Top of EXTRACTED INFORMATION
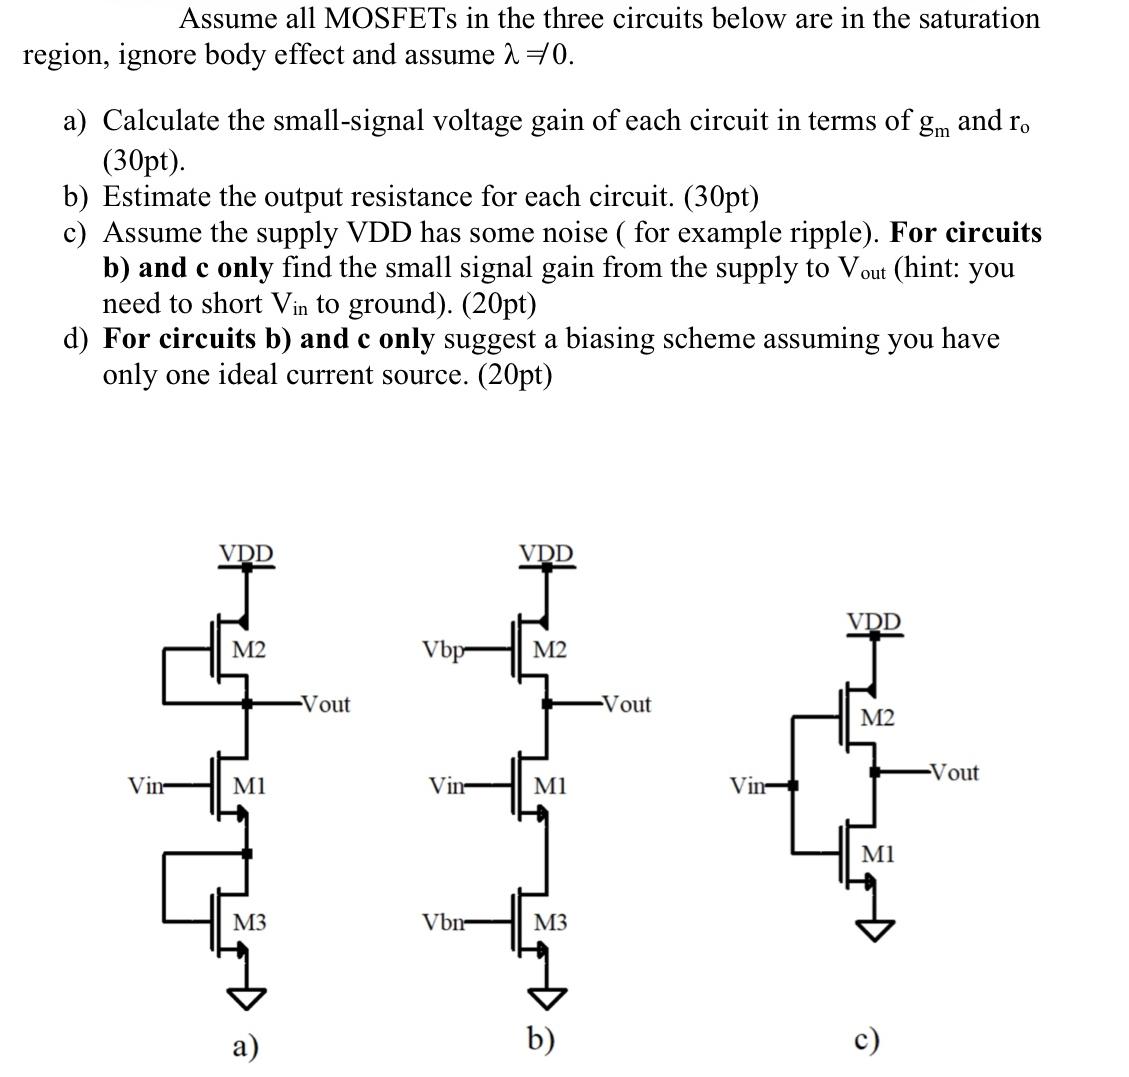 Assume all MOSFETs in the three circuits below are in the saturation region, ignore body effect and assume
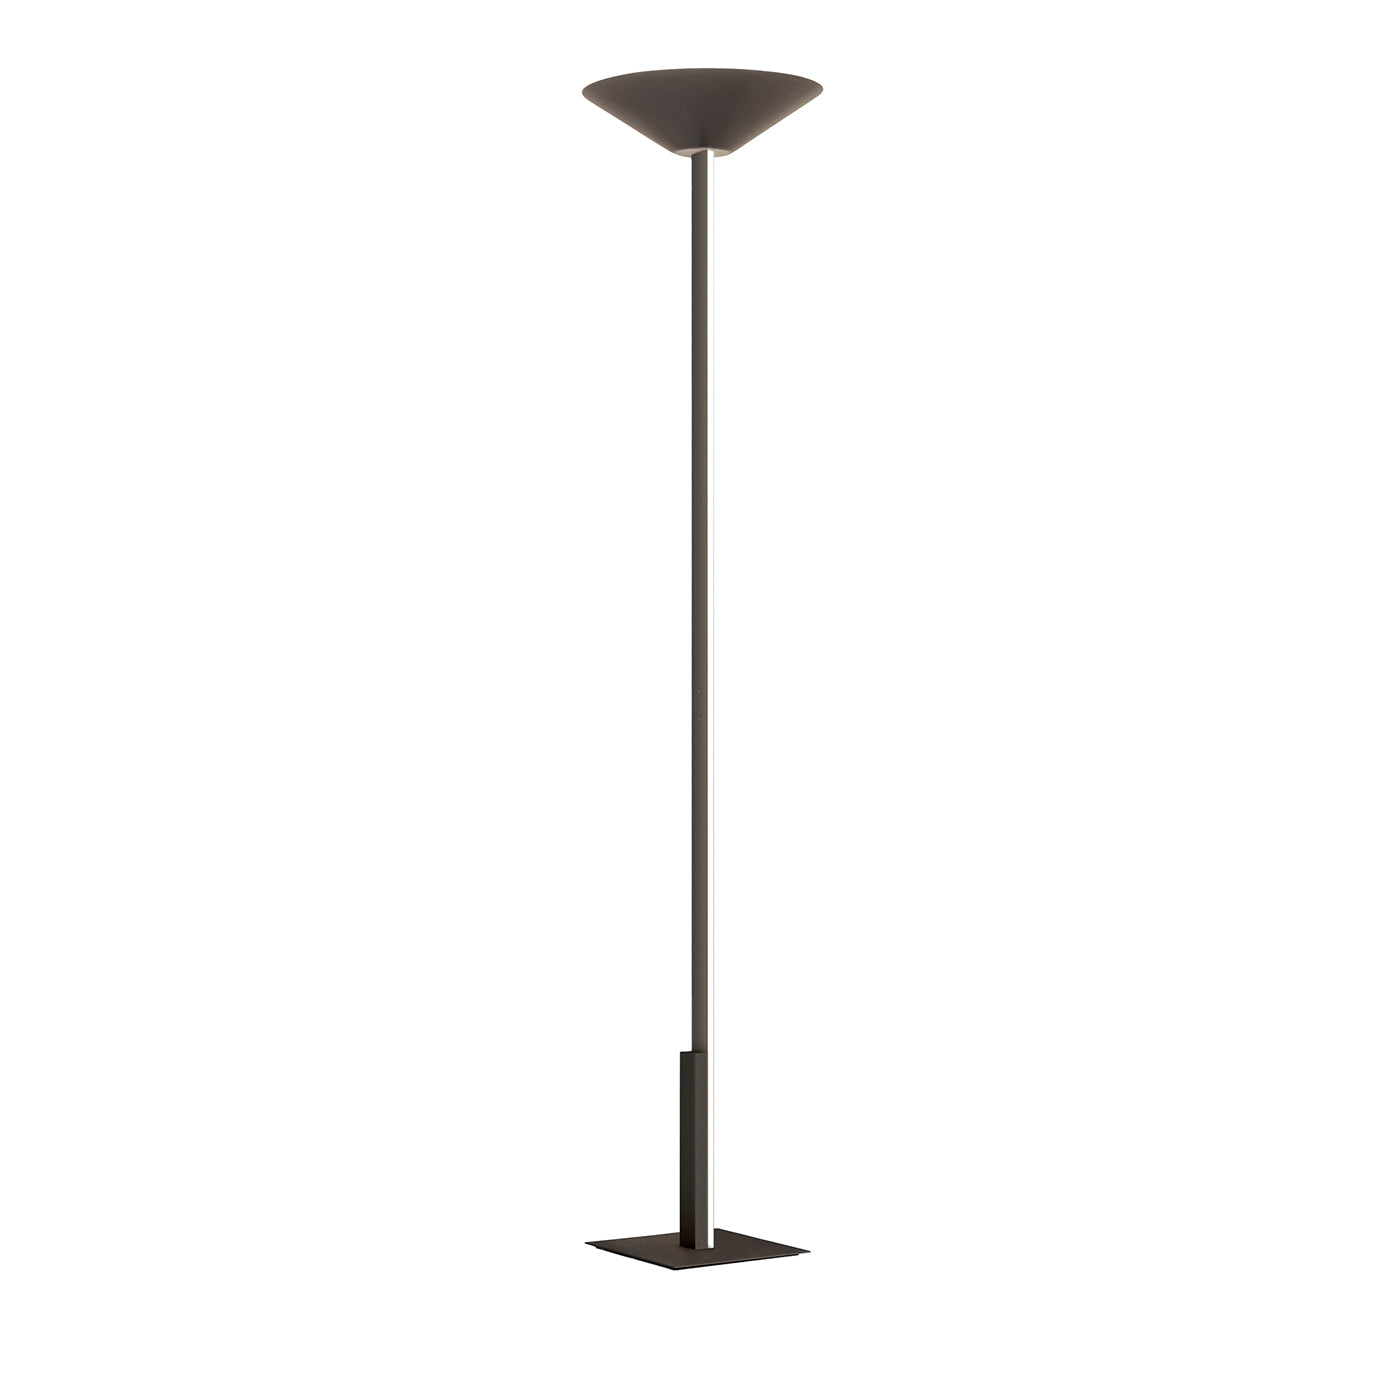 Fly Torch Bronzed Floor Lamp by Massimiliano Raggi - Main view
Bottom of EXTRACTED INFORMATION
Top of EXTRACTED INFORMATION
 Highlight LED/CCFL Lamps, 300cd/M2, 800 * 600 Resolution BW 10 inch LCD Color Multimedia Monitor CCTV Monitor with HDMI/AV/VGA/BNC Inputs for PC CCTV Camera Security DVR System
Bottom of EXTRACTED INFORMATION
AIM OF THE TASK: Nothing but the lines above from the one that has "Assume all MOSFETs" down to the one that has "Fly Torch Bronzed" belongs in the answer, copied exactly, without pictures.

OUTPUT BELOW:
 Assume all MOSFETs in the three circuits below are in the saturation region, ignore body effect and assume
 Fly Torch Bronzed Floor Lamp by Massimiliano Raggi - Main view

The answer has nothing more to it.